#### What the exercise asks:
Below is a listing. Write out exactly its lines between the one holding "Turkish defense exports" and the one holding "Shahid Kapoor at", inclusive.
### Excerpted records
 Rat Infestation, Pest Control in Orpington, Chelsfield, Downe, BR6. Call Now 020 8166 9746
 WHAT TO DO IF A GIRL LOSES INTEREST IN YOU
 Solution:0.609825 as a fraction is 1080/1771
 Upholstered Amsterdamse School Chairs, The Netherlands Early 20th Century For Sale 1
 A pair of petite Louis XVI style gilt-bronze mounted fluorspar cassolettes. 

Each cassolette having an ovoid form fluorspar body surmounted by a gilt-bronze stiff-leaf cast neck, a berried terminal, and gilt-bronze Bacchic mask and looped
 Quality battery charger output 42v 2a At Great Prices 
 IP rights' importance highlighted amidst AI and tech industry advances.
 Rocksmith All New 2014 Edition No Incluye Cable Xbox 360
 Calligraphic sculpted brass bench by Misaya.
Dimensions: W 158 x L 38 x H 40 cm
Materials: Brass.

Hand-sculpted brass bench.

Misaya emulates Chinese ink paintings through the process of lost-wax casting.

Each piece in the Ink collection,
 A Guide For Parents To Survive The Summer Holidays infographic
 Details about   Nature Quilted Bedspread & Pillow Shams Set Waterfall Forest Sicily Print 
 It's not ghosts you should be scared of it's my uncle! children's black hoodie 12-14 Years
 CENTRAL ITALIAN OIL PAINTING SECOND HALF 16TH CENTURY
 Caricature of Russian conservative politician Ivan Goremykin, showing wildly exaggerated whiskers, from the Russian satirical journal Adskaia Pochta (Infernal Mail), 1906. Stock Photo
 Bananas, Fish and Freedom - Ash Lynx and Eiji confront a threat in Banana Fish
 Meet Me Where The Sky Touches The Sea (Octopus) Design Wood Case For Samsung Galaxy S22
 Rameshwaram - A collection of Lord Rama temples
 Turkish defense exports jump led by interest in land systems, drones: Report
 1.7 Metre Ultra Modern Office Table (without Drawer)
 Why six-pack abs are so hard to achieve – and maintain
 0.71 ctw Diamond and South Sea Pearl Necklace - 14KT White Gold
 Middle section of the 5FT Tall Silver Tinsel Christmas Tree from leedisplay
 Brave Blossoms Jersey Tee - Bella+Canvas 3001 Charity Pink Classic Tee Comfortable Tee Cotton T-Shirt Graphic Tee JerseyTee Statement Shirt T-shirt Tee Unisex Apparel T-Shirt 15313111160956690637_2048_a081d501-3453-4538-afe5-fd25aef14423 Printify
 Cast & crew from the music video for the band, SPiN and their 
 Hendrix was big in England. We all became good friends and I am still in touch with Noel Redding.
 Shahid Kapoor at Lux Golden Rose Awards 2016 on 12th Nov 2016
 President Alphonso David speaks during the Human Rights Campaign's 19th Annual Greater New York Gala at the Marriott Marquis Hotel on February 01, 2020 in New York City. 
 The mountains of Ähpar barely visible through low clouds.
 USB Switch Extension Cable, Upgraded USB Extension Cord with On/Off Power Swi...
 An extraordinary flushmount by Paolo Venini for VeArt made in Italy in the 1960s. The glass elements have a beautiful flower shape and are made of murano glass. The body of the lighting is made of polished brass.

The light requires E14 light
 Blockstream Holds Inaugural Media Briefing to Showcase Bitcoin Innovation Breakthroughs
######
#### Expected answer:
 Turkish defense exports jump led by interest in land systems, drones: Report
 1.7 Metre Ultra Modern Office Table (without Drawer)
 Why six-pack abs are so hard to achieve – and maintain
 0.71 ctw Diamond and South Sea Pearl Necklace - 14KT White Gold
 Middle section of the 5FT Tall Silver Tinsel Christmas Tree from leedisplay
 Brave Blossoms Jersey Tee - Bella+Canvas 3001 Charity Pink Classic Tee Comfortable Tee Cotton T-Shirt Graphic Tee JerseyTee Statement Shirt T-shirt Tee Unisex Apparel T-Shirt 15313111160956690637_2048_a081d501-3453-4538-afe5-fd25aef14423 Printify
 Cast & crew from the music video for the band, SPiN and their 
 Hendrix was big in England. We all became good friends and I am still in touch with Noel Redding.
 Shahid Kapoor at Lux Golden Rose Awards 2016 on 12th Nov 2016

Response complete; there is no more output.